What causes ear injuries in divers?The sudden change in pressure causes barotrauma. When divers dive into the water, the air spaces in sinuses and middle ears need to equalize to the surrounding water pressure. The pressure, however, increases with depth and the diver starts feeling the pressure and pain the same moment when the pressure in air spaces cannot equalize any more. During ascent, the expanding air cannot be vented, which increases the pressure in the cavities and usually feels like mild to severe discomfort.

Equalizing the pressure

Ear injuries during diving are relatively easy to prevent if the diver is prepared and uses appropriate equalizing maneuvers. There are a lot of different ways to equalize the pressure and prevent the injury. Each diver should use the one that he or she finds the easiest ad the most effective. Divers are usually thought to equalize the pressure using the Valsalva maneuver. This maneuver is performed during diving. The diver should close the mouth, pinch the nose and just blow gently through the nose. It is important to blow gently and avoid over-inflating the middle ear cavity.
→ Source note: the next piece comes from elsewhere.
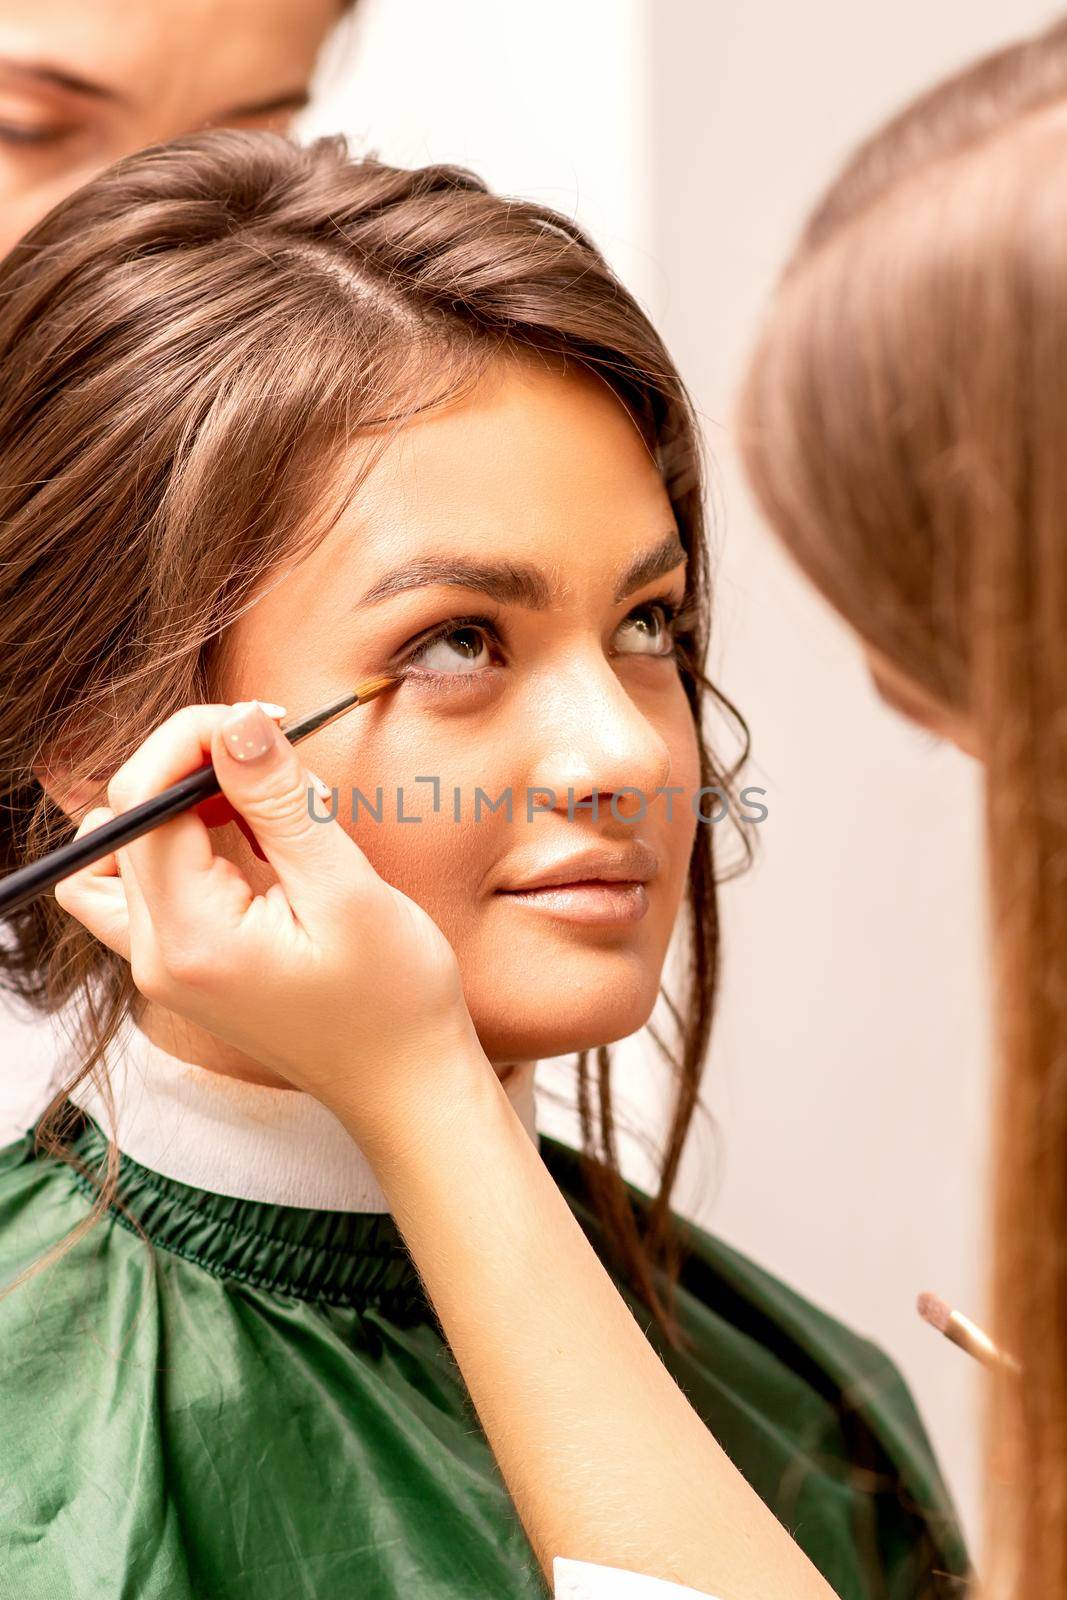 The makeup artist applies a concealer under the eyes using a makeup brush
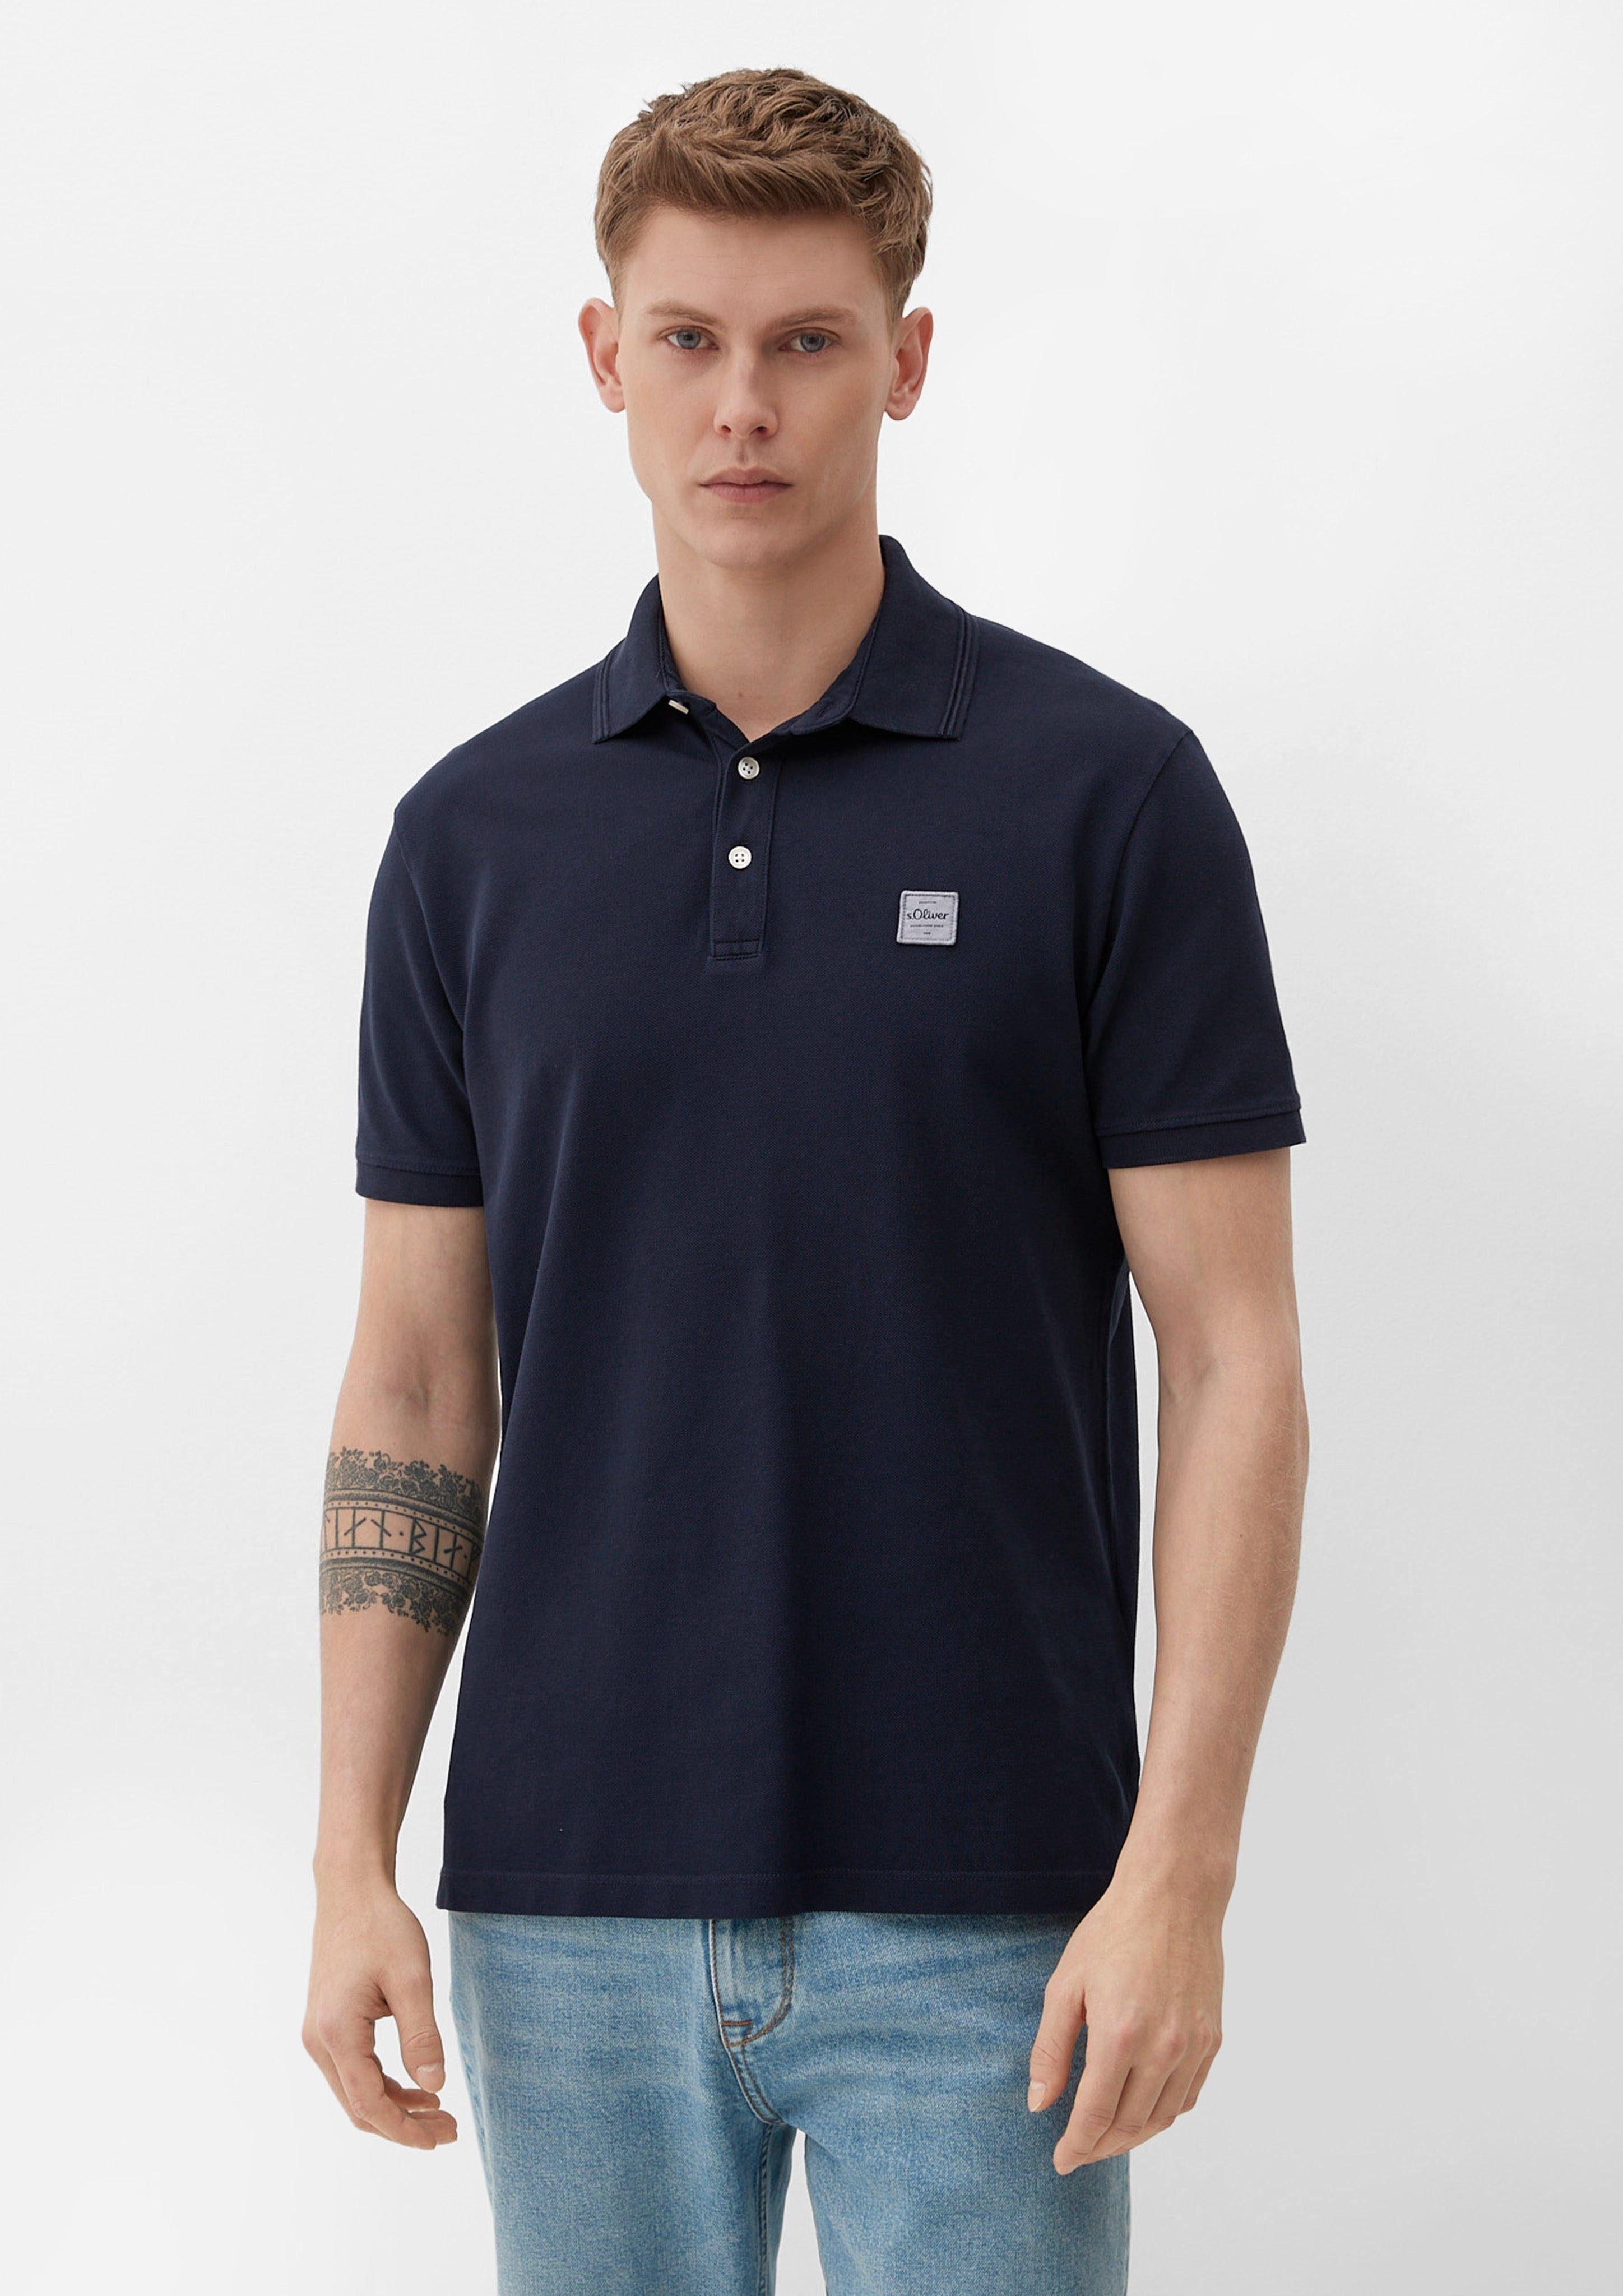 Logo-Patch Poloshirt navy s.Oliver Label-Patch Dye, Polo-Shirt mit Garment

Another common method is the Frenzel maneuver that includes blowing the air into sinuses by closing the nose and mouth and driving the tongue back on the roof of the mouth. Contractions of the muscles, in this maneuver, will let the air into the middle air, slightly increasing the pressure. Another good way to equalize the pressure is to yawn or just push the lower jaw forward while opening the mouth. This way, the Eustachian tube will open and equalize the pressure.

Known problems

The combination of these maneuvers will also work. However, some divers may find it hard to equalize the pressure. It may seem that none of the methods works for them. If this is the case, a person should avoid diving until the problem is set on. Problems with equalization may indicate there is some other underlying condition that prevents it. Some of the people may be unable to equalize because they have cold or flu, because they are allergic to something that causes swelling of the mucus membranes, because of the ear damage from an infection, or because of the bone problems in sinuses and nose.